▸ **The problem**:
Repeat verbatim, and only, the lines of the data below, beginning at the line that contains "Vô-lăng D-cut: Điểm" and stopping after the line that contains "Платформа для печати".

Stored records
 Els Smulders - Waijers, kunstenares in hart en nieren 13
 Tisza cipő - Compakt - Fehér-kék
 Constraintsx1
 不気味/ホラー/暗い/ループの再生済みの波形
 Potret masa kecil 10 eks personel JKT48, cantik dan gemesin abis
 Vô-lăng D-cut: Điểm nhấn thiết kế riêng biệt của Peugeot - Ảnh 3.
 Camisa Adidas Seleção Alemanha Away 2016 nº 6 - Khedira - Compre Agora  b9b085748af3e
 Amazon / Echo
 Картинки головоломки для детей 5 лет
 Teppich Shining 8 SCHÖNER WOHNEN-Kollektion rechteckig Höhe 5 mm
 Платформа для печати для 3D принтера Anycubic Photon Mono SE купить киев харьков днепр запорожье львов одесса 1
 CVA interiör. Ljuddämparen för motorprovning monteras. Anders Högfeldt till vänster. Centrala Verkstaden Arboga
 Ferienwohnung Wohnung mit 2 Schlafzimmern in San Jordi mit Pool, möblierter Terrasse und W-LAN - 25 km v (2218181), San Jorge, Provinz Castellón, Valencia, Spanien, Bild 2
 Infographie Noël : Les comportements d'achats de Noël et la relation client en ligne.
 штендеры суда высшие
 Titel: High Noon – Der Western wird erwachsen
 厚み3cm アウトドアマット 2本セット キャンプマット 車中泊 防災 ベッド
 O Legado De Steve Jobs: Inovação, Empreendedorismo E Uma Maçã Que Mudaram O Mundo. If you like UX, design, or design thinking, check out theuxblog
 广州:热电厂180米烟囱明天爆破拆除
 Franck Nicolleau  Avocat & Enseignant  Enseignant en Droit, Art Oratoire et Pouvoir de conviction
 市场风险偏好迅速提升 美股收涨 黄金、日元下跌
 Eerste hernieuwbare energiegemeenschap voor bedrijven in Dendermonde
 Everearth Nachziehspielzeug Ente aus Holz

▸ **Completed task**:
 Vô-lăng D-cut: Điểm nhấn thiết kế riêng biệt của Peugeot - Ảnh 3.
 Camisa Adidas Seleção Alemanha Away 2016 nº 6 - Khedira - Compre Agora  b9b085748af3e
 Amazon / Echo
 Картинки головоломки для детей 5 лет
 Teppich Shining 8 SCHÖNER WOHNEN-Kollektion rechteckig Höhe 5 mm
 Платформа для печати для 3D принтера Anycubic Photon Mono SE купить киев харьков днепр запорожье львов одесса 1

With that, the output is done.